Awalnya suara itu tenang. Hanya membuncah ketika aku bermain kelereng, petak umpet, mendapat rangking satu, atau bertemu ayah pulang dari kota sebulan sekali. Mungkin, ia tergelitik dengan emosi bahagia. Namun, aku mulai menyadari bahwa suara yang menembus dada dan bersemayam ini, lama kelamaan berulah tidak beraturan sejak usiaku 7 tahun. 


Suara itu seakan ular kecil yang menggeliat dan kaku menahan sesuatu yang berat dan besar untuk seorang bocah kecil. Ular itu menjadi hal yang permanen, yang bisa membesar, kaku, dan mengisi semua ruang dalam dadaku. Semakin menjadi, dan menyebalkan ketika kepergian 2 orang tuaku  setelah aku mengaji sore. 


Tapi gadis kecil berambut kepang dua yang hobi membaca dan belajar ini tetap menjalani kehidupan sekolahnya seperti biasa. Dalam kepergian orang tuaku, aku belajar menerima bahwa kadang kita memang harus berjarak dengan yang kita sayang untuk tahu bahwa rasa itu ada. 


Tanpa sadar, ular kecil dalam dada ini mulai menggeliat. Makin memberi pertanda rasa sakit. Meski dalam bertahun tahun sudah terbiasa menahan rasa sakit karena kepergian, atau karena rasa rindu yang tidak bisa diungkapkan. 


Aku kira, ular itu sudah perlahan menciut dan mati karena aku sudah puluhan tahun bertahan dan belajar bahwa hal dunia ini memang bukan milikku. Bahwa yang disekitarku akan  pergi begitu saja. Lalu, agar ular ini tidak kaget atau menembus dada dan meluncur naik kelangit lagi, aku mulai berlatih. Karena aku takut, jika sesuatu yang sudah lama bersemayam di dada lalu kembali  ke langit, akan mengambil kewarasanku juga. 


Sepertinya, aku berhasil kecuali pada saat aku kehilangan guru matematika pertamaku. Yang menggantikan peran bapak, ketika wujud asli bapak dan ibuku tidak bersamaku. Kehilangan alias  kematiannya menjadi satu momen penting ular dalam dadaku mulai berulah kembali. Dengan kenyataan bahwa aku tidak bisa melihat jasadnya sebelum dikuburkan, aku berusaha menjaga ular dalam kendali. Meski dalam 100 hari, ular itu menggeliat, membuat dadaku sakit keterlalu tak tertahan hingga menangis sejadinya.

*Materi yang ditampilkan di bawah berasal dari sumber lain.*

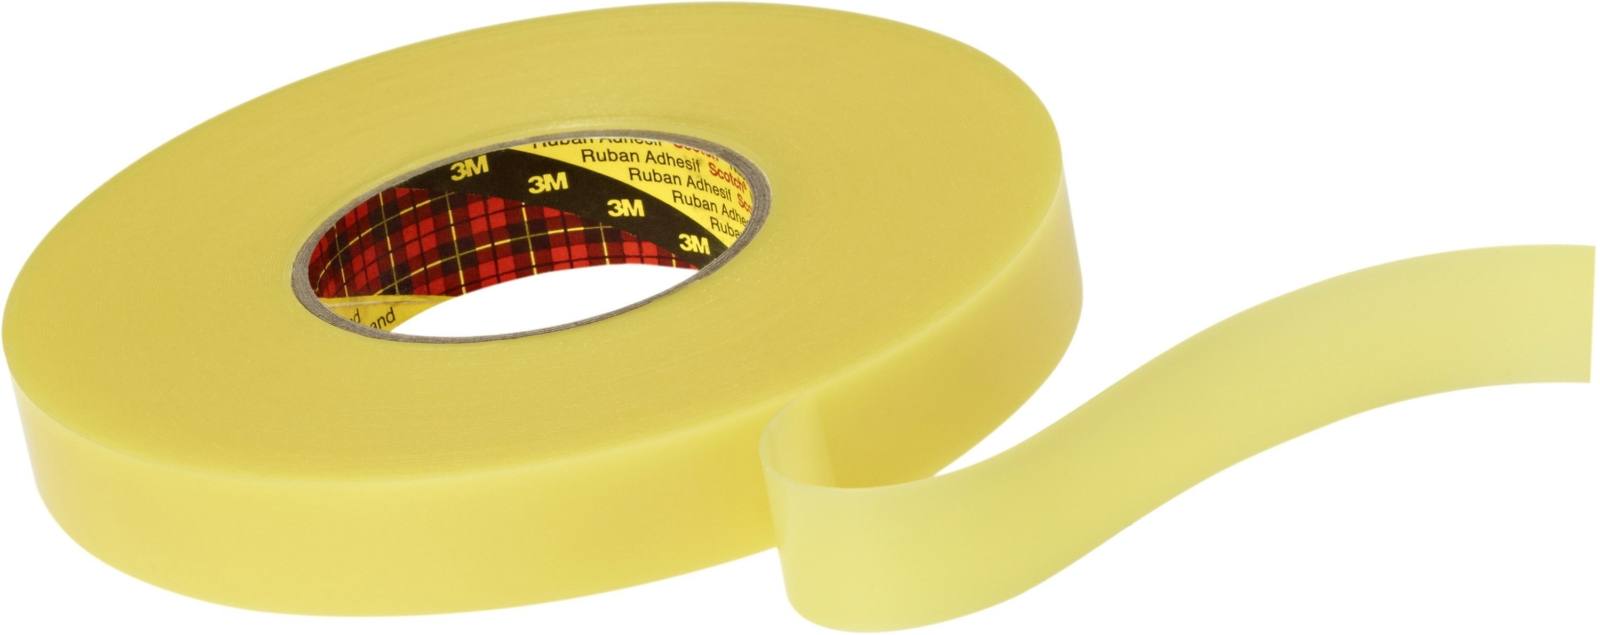 3M Dubbelzijdig verwijderbaar plakband 4656F, geel, 15 mm x 33 m, 0,6 mm

Setelah banyak hal di dunia yang ternyata tidak begitu indah, seperti air mata ibu, kata kata perceraian, munculnya konsep manusia gagal, cacian kasar dan kotor yang mampir, penghakiman seorang ayah, opini menyakitkan seorang ibu, dikhianati oleh seorang sahabat baik, aku selalu bisa menyebutkan semua momen menyakitkan itu tanpa lupa sekalipun. Bahkan momen lebih menyakitkan yang tidak bisa kutulis di sini.


Sedangkan kebahagiaan kecil yang selalu aku abadikan di dalam media sosialku, seperti warna indah langit bandung, puncak gunung yang ku daki, perjalanan dan tawa dengan sahabat saat hiking, atau kebersamaan dengan keluarga, kebahagiaan itu luntur. 

Aku tidak pandai mengulang, mengenang, atau menyebutkan hal hal bahagia yang seharusnya terjadi lebih banyak daripada hal buruk. Oleh karena itu, dalam setiap dokumentasi, aku ingin menunjukkan pada diriku sendiri bahwa banyak momen indah yang membahagiakan dibandingkan rasa sakit karena ditinggalkan atau pengkhianatan.


Tahun berlalu, 2005 saat suara bersemayam di dada atau  2016 saat kematiannnya. Kabar buruknya, ular itu semakin diluar kendali. Seakan mendesak keluar dengan kekuatan dahsyat sehingga nafas lebih sulit seperti biasanya. Seperti tertinggal, mengejar kereta saat jam berangkat kerja. Dan dalam situasi ini, yang awalnya suara bersemayam hanya di dada, kini suara itu bertambah dan bersemayam di pikiranku. 


Apakah kamu percaya bahwa pikiranku berkata pada diriku sendiri? Mereka memberikan pilihan-pilihan dan pemikiran yang baru dan begitu asing. Kadang pikiran pikiran itu merayu rayu untuk bertindak dan melakukan hal-hal menggelitik. 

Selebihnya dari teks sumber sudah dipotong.